浦和2013年回顧(3・了):守備は大決壊し、攻撃も次第に行き詰まる
(浦和2013年回顧(2)から続く)
・リーグ戦の結果は昨年の3位から後退して6位に。しかし年間勝ち点は55→58と増えましたし、2年連続優勝の広島との勝ち点差も9→5に縮まっています。また昨年は一度も優勝争いに絡まずに3位に滑り込んだ格好なのに対し、今年は最後にズッコケたとはいえ、終始優勝争いに顔を出していましたし、ナビスコ杯も決勝進出。

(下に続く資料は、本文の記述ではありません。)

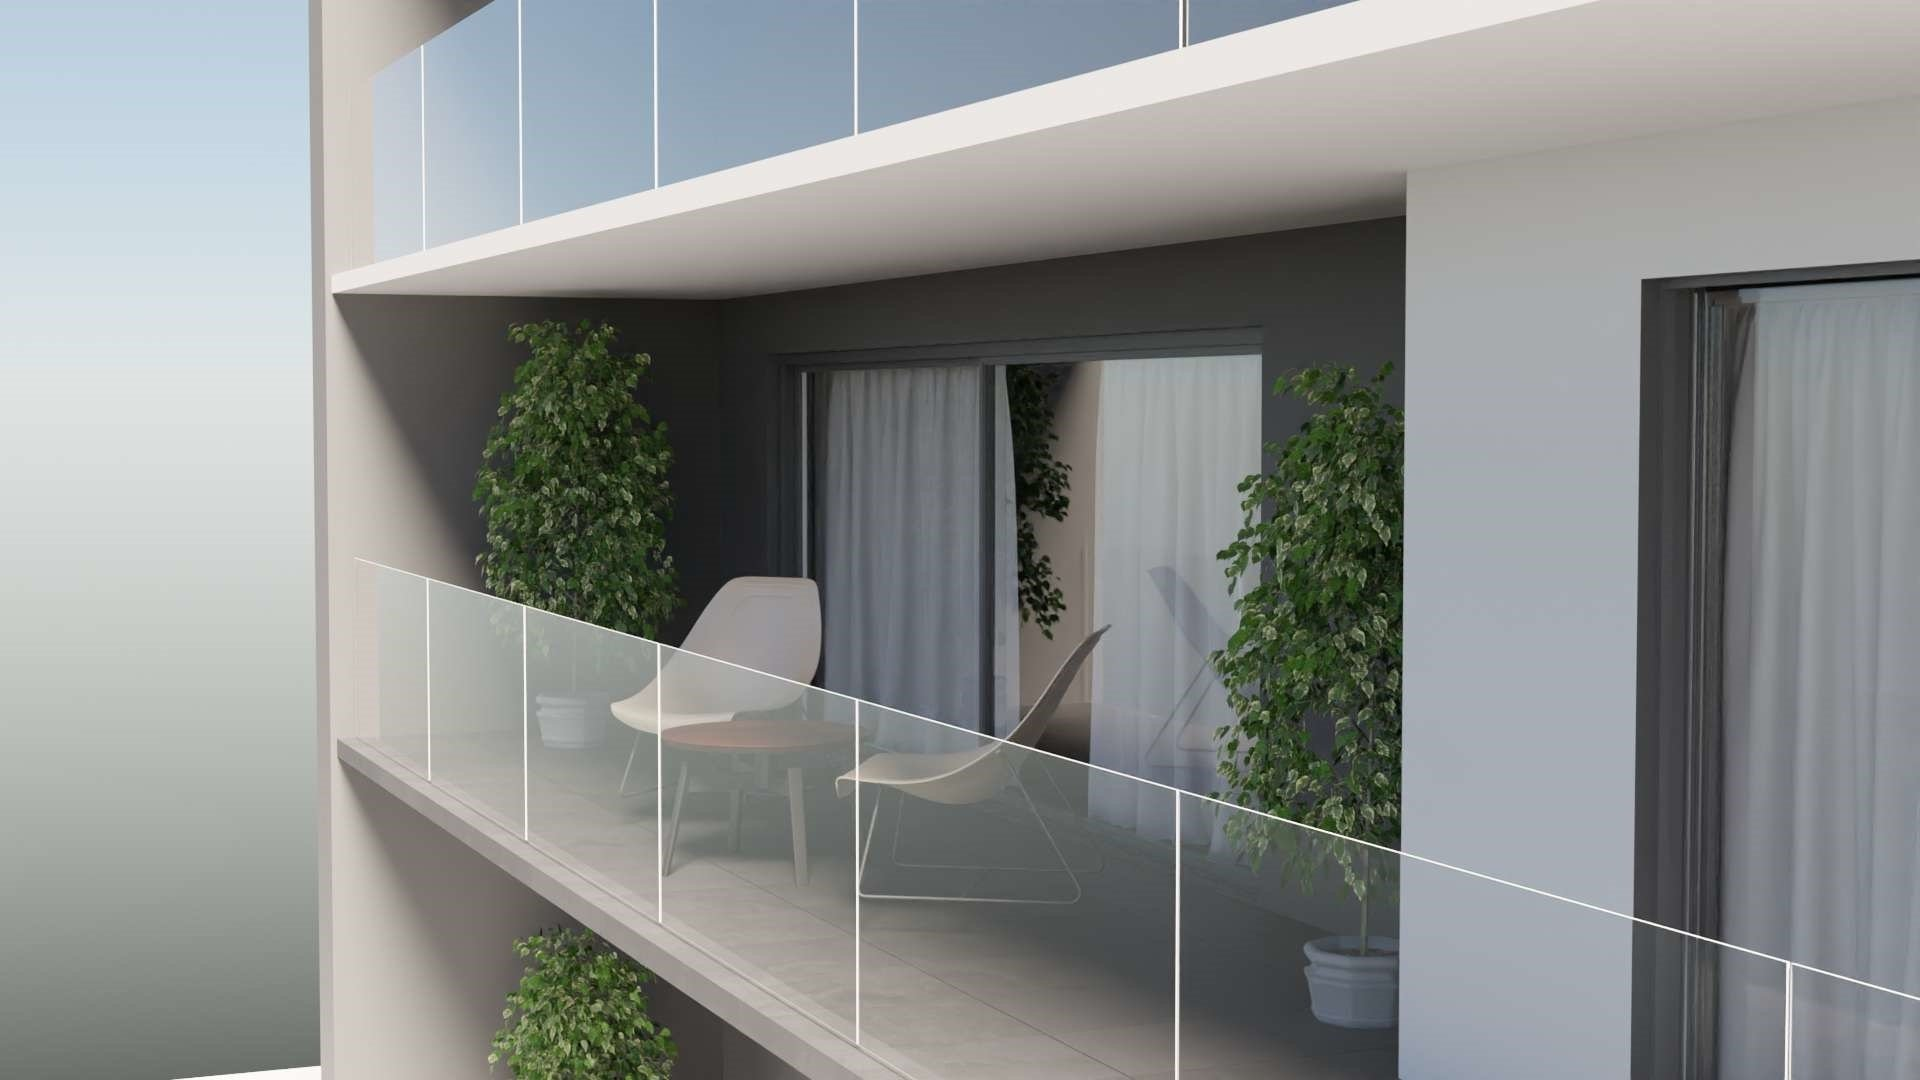 2 Bedroom Apartment Cascais, Lisbon Ref: ASA154G
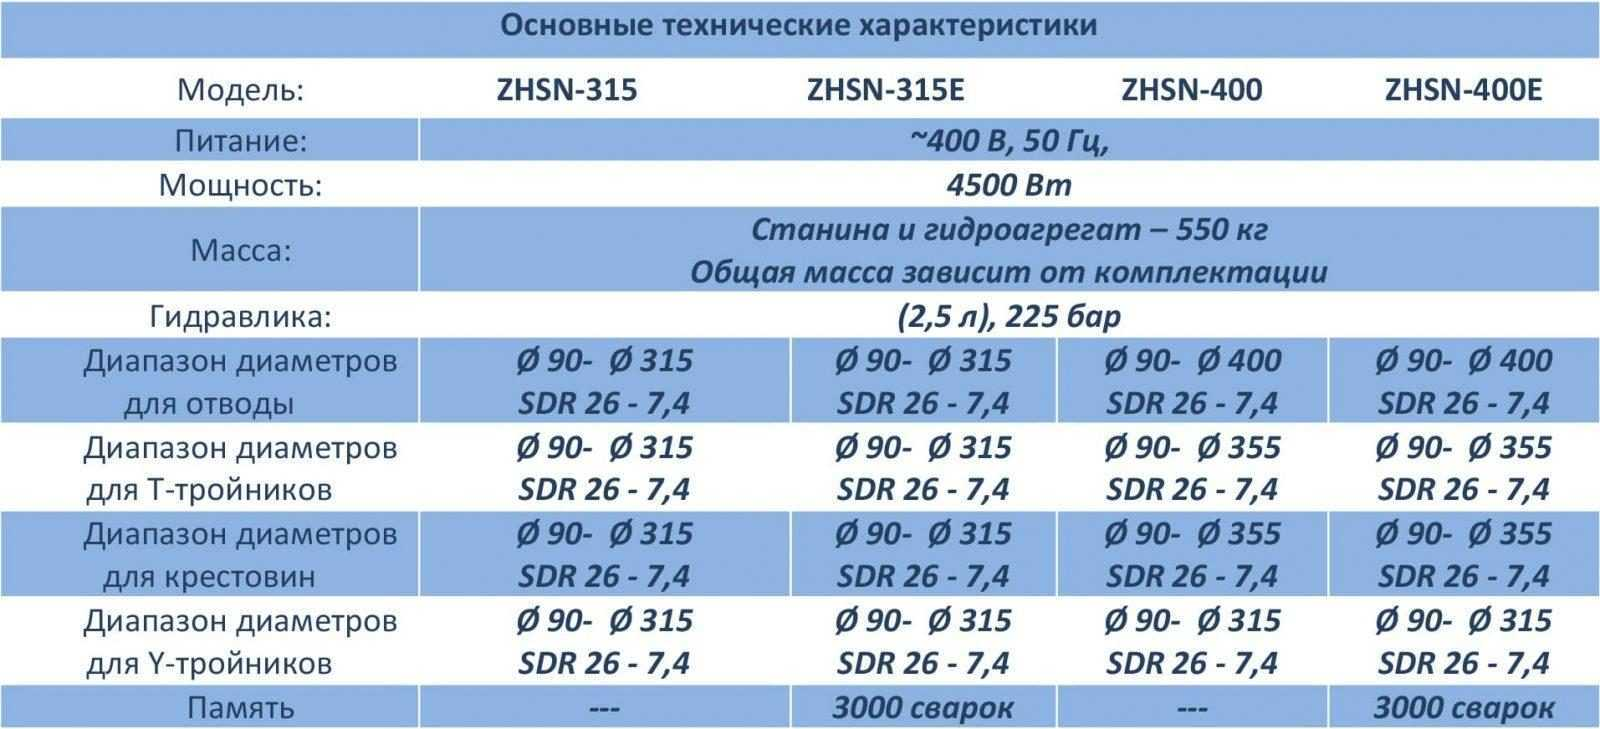 Характеристики ZHSN

従って6位という結果ほどには悪くない年と総括することも可能です。
・そもそも一昨年はぎりぎりでJ1に残留したクラブが優勝争いを演じるまでに成長したことで今年は良しとすべきなのかもしれません。
・ただ来年を見据えての総括となると、終盤の大失速というか大決壊というか、まぁこれでもかこれでもかと点を取られ、最後は撃ち合いにすらならずに一方的に点を取られて3連敗を喫したところに重きを置かざるを得ません。
・興梠、森脇、那須と攻撃に秀でた選手補強が奏功して、攻撃力大幅向上という側面が強く出てリーグ序盤は好スタート。原口を故障で欠いた大宮・清水戦こそ連敗を喫しましたが、リーグ戦中断までは守備の大破綻は見受けられず、順調に勝ち点を積み上げ。思い起こせば鹿島から3点、鳥栖と柏から6点を取った5月が浦和のピークでした。
・ところがリーグ戦中断明けから浦和は一転して苦戦。守備を固める甲府や瓦斯に対して負けはしませんでしたが内容に乏しい試合を重ね、続く川崎戦でカウンターを喰らいまくって0-4の大敗。さらに横浜M戦でも3失点で逆転負け。この時期運悪く啓太が故障し、その穴埋めが上手くいかなかったこともありますが、暑い最中にも関わらずスタメン固定で臨み続けた挙句に総員へろへろになり、引いた相手に対してミスを重ねてカウンターを喰らうという浦和の負けパターンの原型が出来上がった感がありあり。奇跡としかいいようがない磐田戦の逆転勝ちで3連敗こそ免れましたが内容は最悪で、磐田戦を落としていれば早々と浦和は失速していたと思います。
・チームが低空飛行に入った中、ミシャは両WBのみならず、両CBをも高めの位置に置き、代わりに両ボランチを下げたような、俗にいう「5-0-5」のフォーメーションを試行しましたが、当然ながらスカスカの中盤を突かれてたいした成果を上げられないまま、いつの間にかお蔵入り。
・アウェー川崎戦での大敗を契機に複数失点が目立ち始めた浦和。ビルドアップが不安定になって、相手に前から圧力を掛けられるといとも簡単にミスを連発してしまってカウンターを喰らうのはある意味仕様通りなのでやむを得ない(といって片付けられる問題ではないにせよ)のですが、情けなかったのはセットプレーでの失点の数々。マンツーマンで守っているはずですが、競り負けるどころか、そもそもマークがずれまくっているっていったい何なんだ??? 全部FK、しかも全く同じようなパターンで3失点を喫して敗れた瓦斯戦@国立は今年の浦和の失態の集大成みたいなものでした。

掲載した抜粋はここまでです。